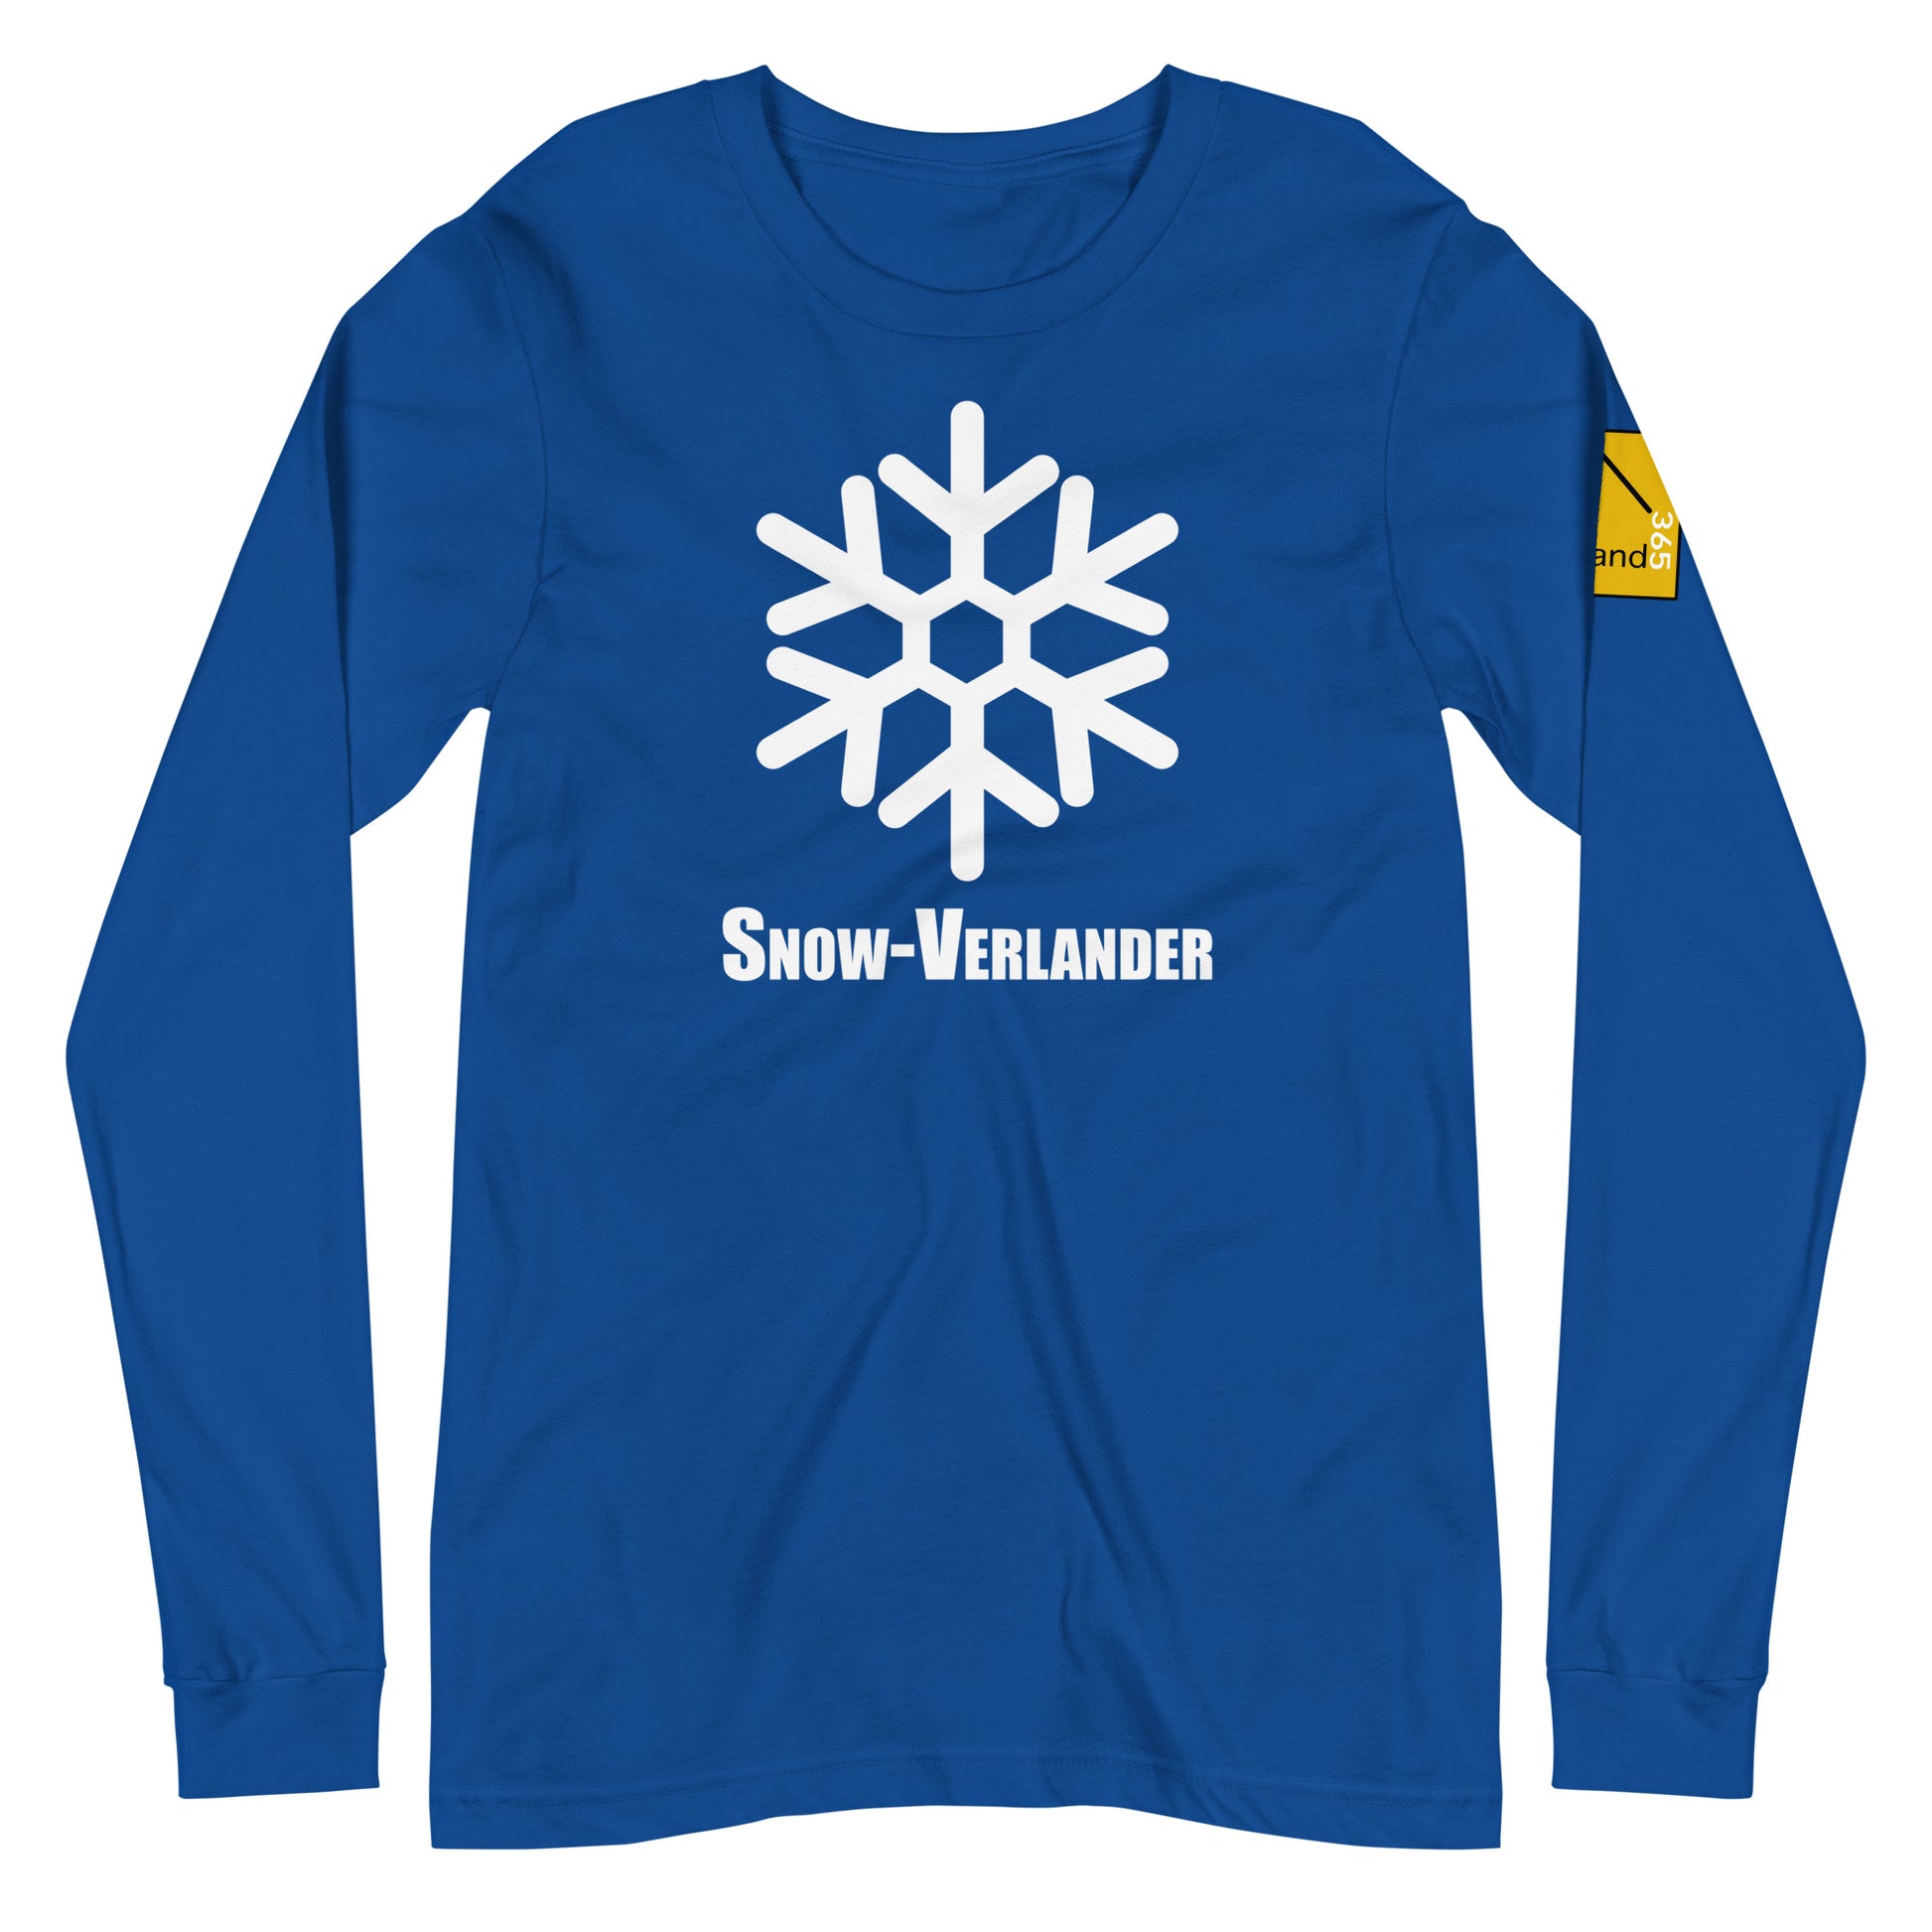 Snow-Verlander overland long-sleeve. Blue. overland365.com
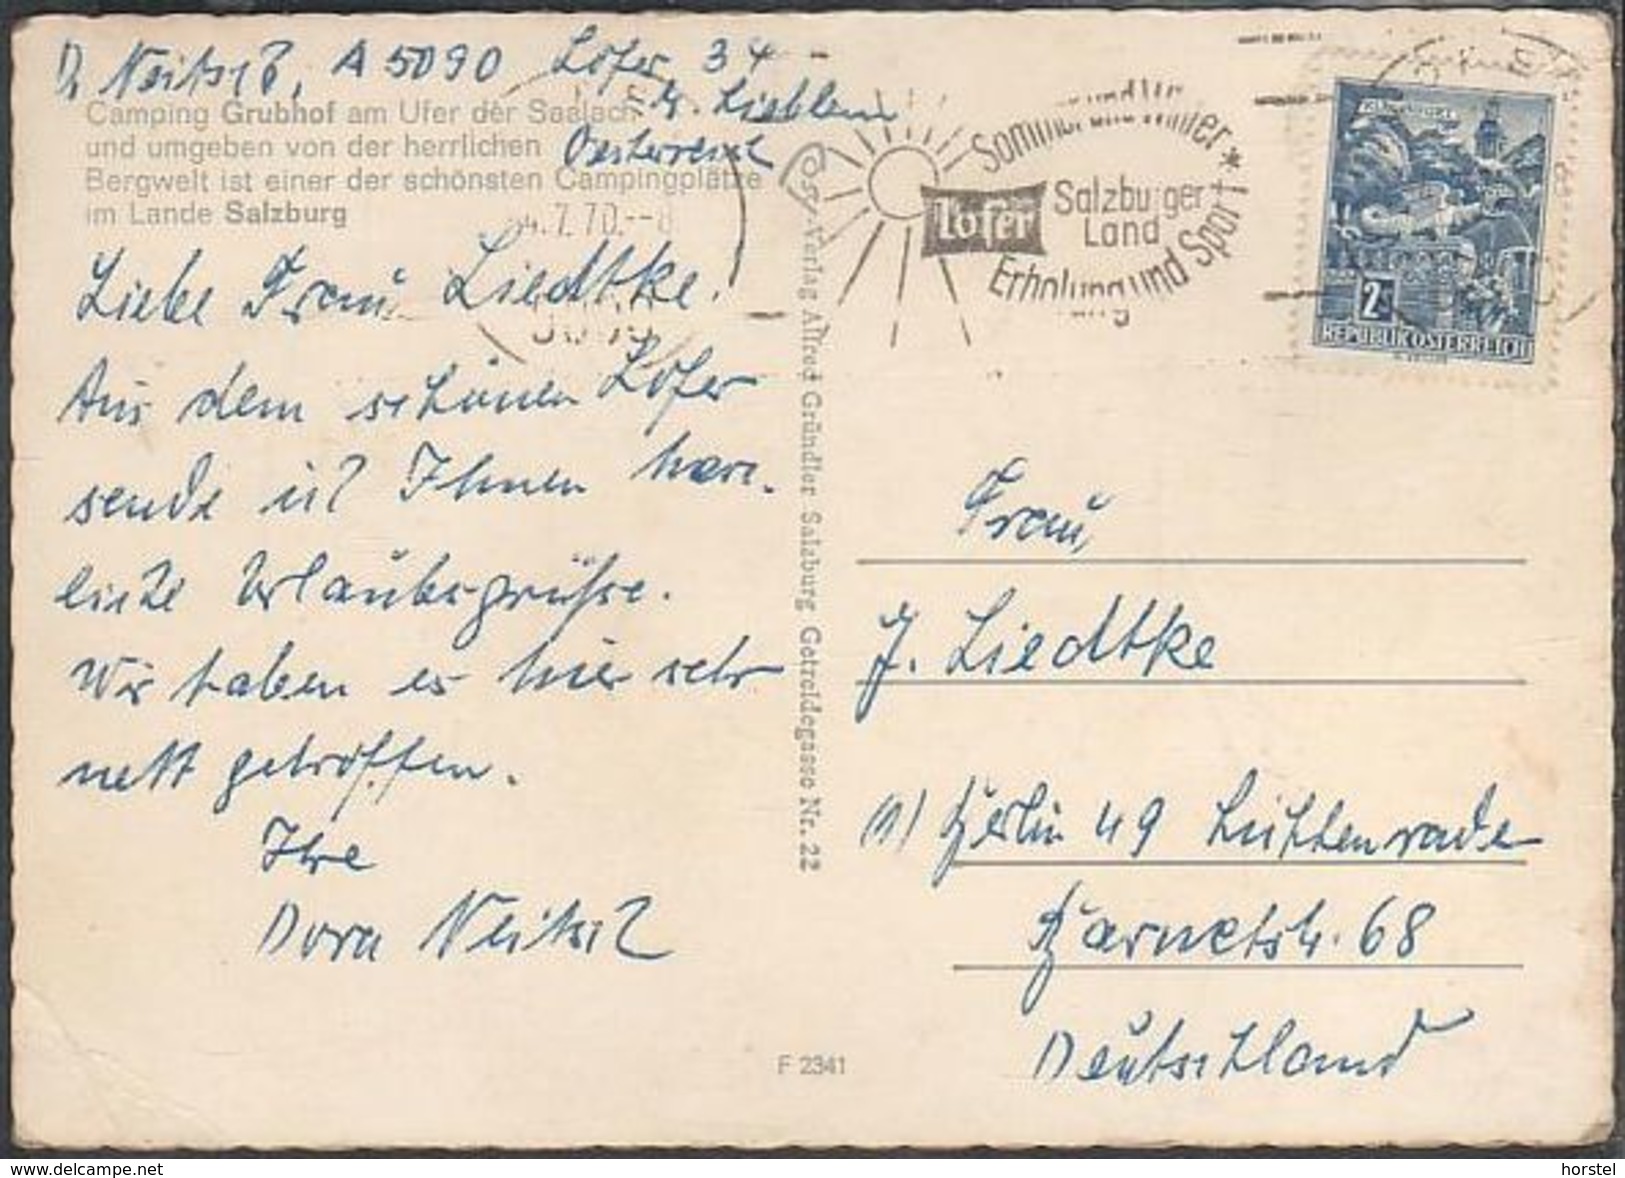 Austria - 5090 Lofer - St. Martin - Campingplatz Grubhof - Cars - VW Käfer (60er Jahre) - Stamp - Lofer
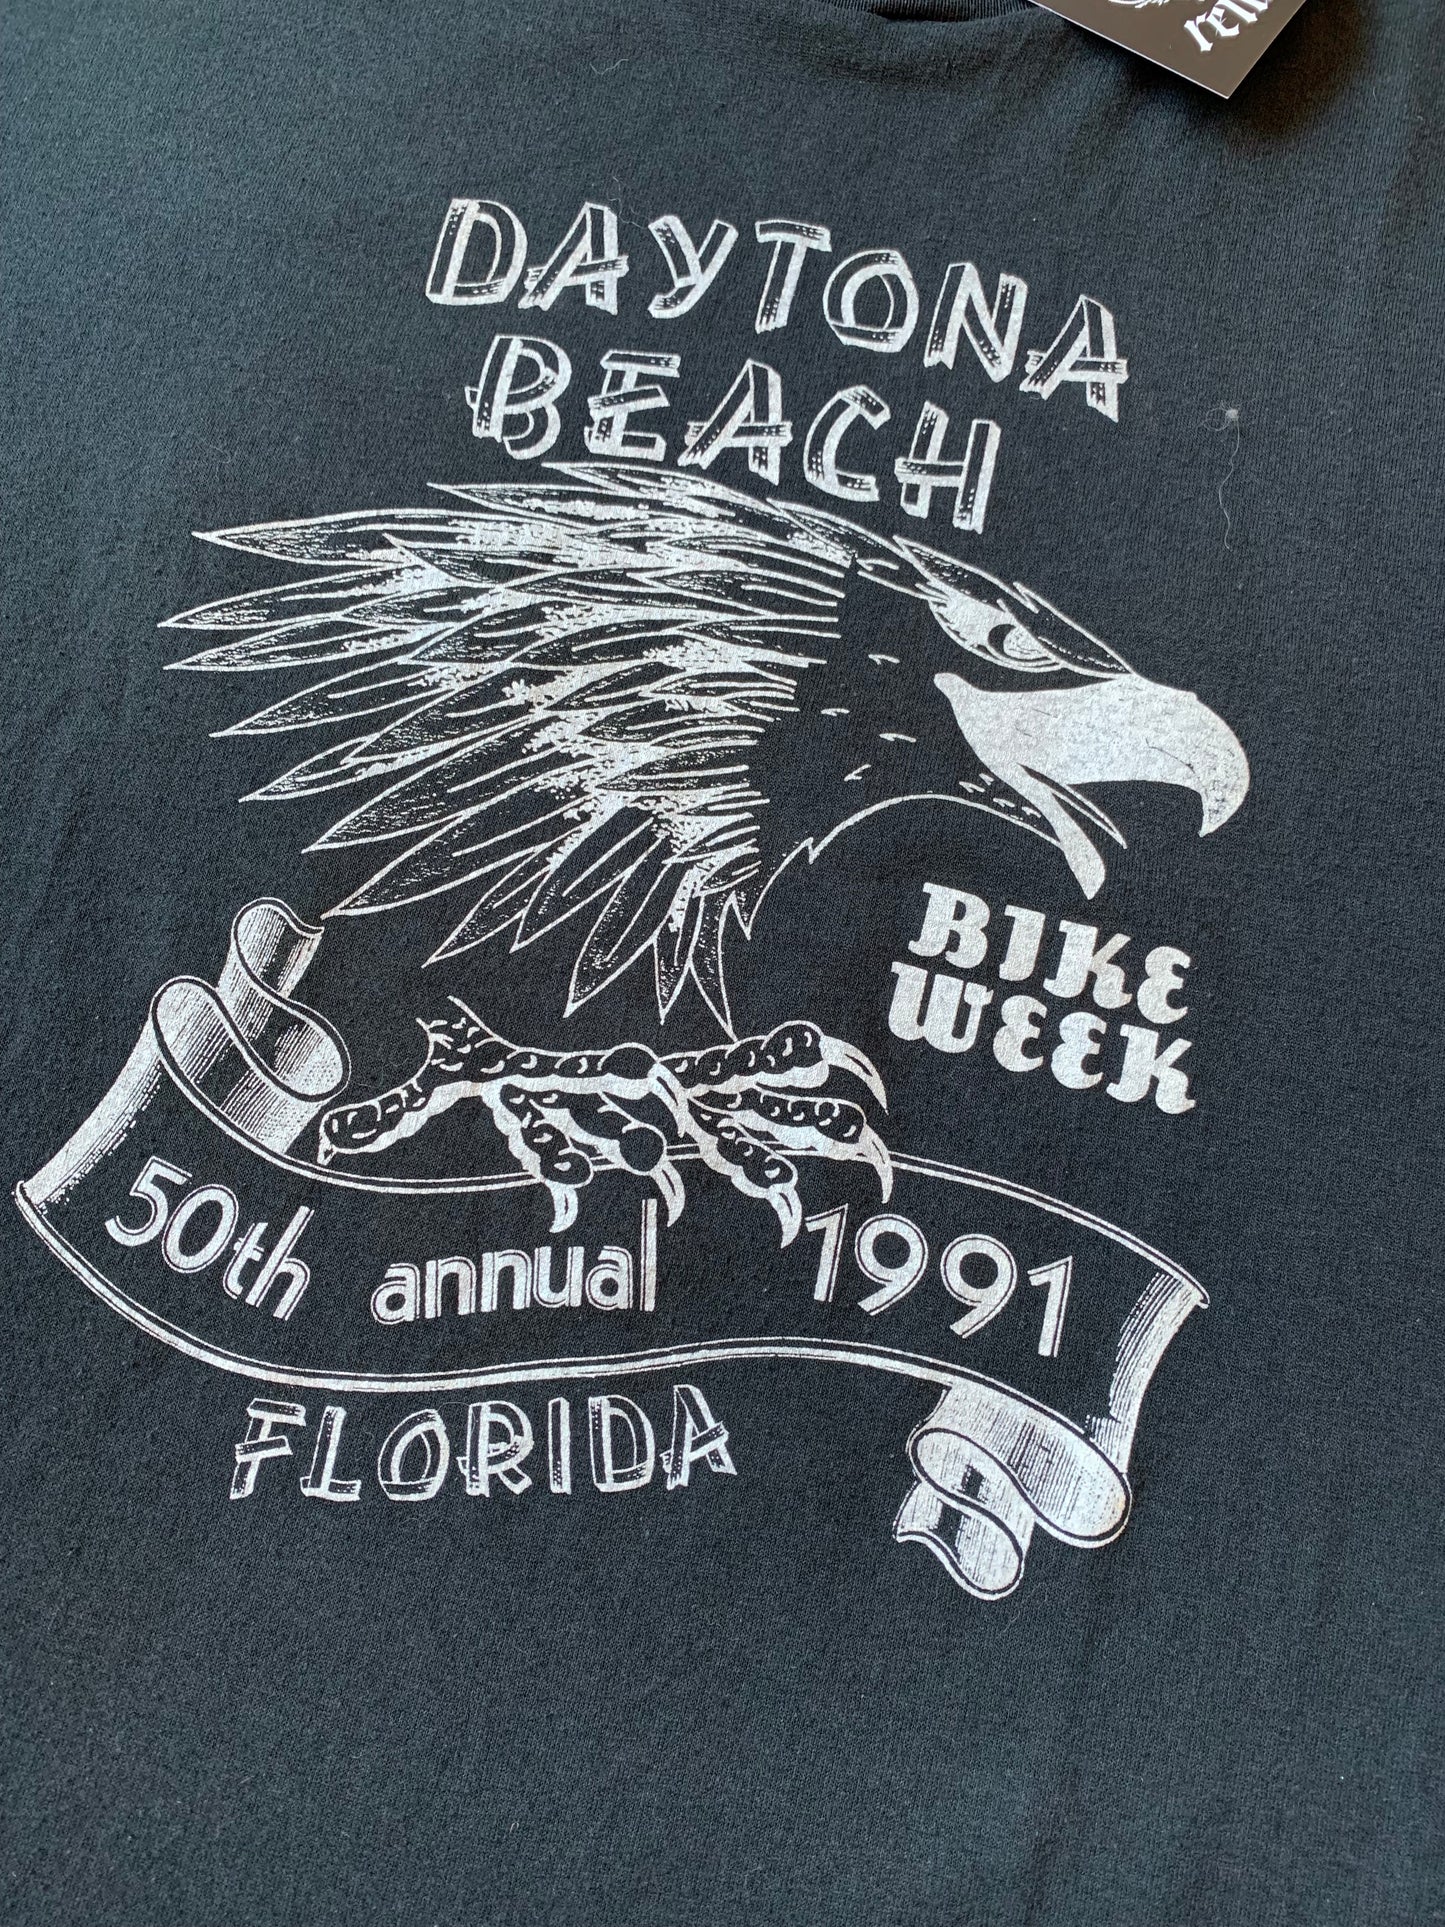 Vintage 1991 Daytona Beach 50th Annual Bike Week Tee

● **REQUIRED WORK**
Print the entire listing above verbatim. No picture should be included.

● **FINAL ANSWER**
 Snow-Verlander overland long-sleeve. Blue. overland365.com
 Austria - 5090 Lofer - St. Martin - Campingplatz Grubhof - Cars - VW Käfer (60er Jahre) - Stamp - Lofer
 Vintage 1991 Daytona Beach 50th Annual Bike Week Tee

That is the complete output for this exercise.